F6: In addition to the AB Units reported in this Form 4, the Reporting Persons beneficially own units ("Holding Units") representing assignments of beneficial ownership of limited partnership interests in AllianceBernstein Holding L.P. ("Holding") as follows. As of March 30, 2009, ACMC, Inc. ("ACMC") beneficially owned directly 722,178 Holding Units and AXA Equitable Life Insurance Company ("AXA Equitable") beneficially owned directly 722,178 Holding Units. Equitable Holdings, LLC wholly owns AllianceBernstein Corporation, the general partner of both AllianceBernstein and Holding. As of March 30, 2009, Holding owned 91,956,176 AB Units. For more information on the Reporting Persons' holdings of Holding Units, see their separate Form 4 filings with respect to Holding Units.

F7: The AB Units are highly illiquid, and the ability of a holder of AB Units to exchange them in the future for Holding Units if it so desires is substantially limited. In general, transfers of AB Units will be allowed only with the written consent of both AXA Equitable and the general partner of AllianceBernstein. AXA Equitable and the general partner of AllianceBernstein have stated that they intend to refuse to consent to any transfer that is not described in the safe harbors set forth in the United States Treasury regulations.

F8: These AB Units are directly owned by AXA Corporate Solutions.

F9: These AB Units are directly owned by Coliseum Reinsurance.

F10: These AB Units are directly owned by ACMC.

F11: These AB Units are directly owned by AXA Equitable.

F12: These AB Units are directly owned by AXA Financial (Bermuda), Ltd ("AXA Bermuda").

F13: On March 30, 2009, AXA IM Rose purchased 41,934,582 AB Units from AXA Bermuda. The purchase price of each AB Unit was $14.308 per AB Unit.

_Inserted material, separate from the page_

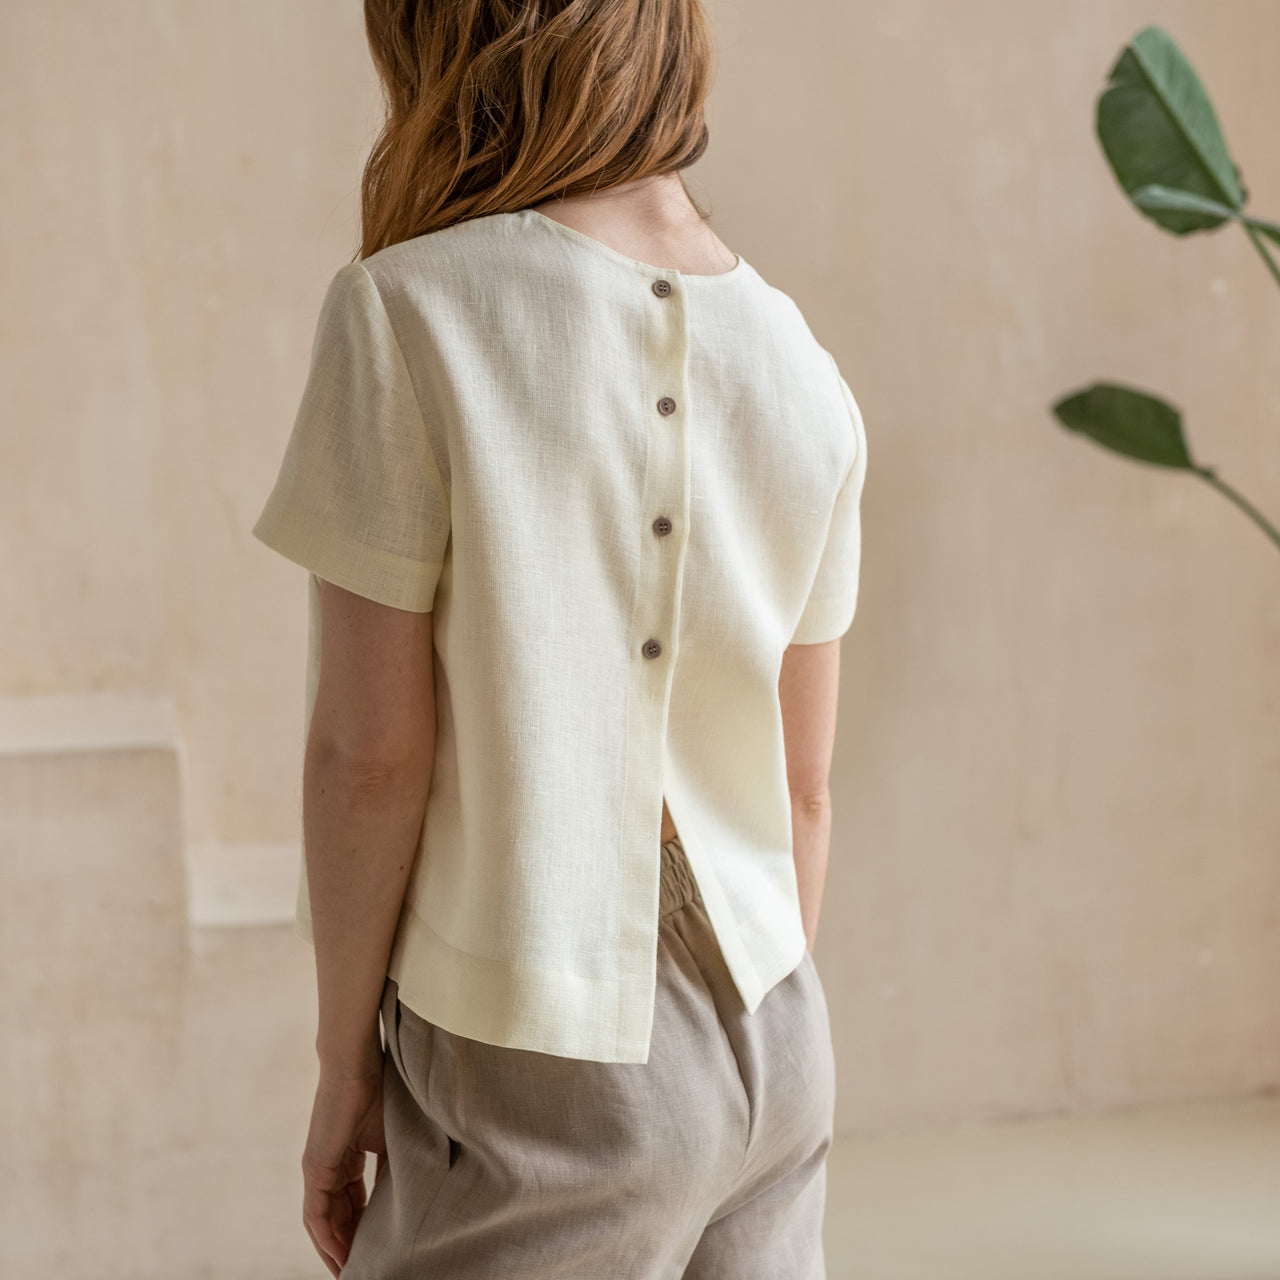 Linen Tops & Shirts - Ready-Made & Custom Natural Linen Tops

F14: These AB Units are directly owned by AXA IM Rose.

F15: These AB Units are directly owned by MONY Life Insurance Company.

F16: These AB Units are directly owned by MONY Life Insurance Company of America.

F17: The transfers of AB Units to Coliseum Reinsurance and AXA IM Rose, as more fully described above, are internal transfers within the consolidated AXA Group for capital management purposes that do not change the aggregate holdings of AB Units by AXA and its affiliates ("AXA Group"). Coliseum Reinsurance and AXA IM Rose intend to hold their AB Units for passive investment purposes as part of the AXA Group's overall strategic holding in AllianceBernstein.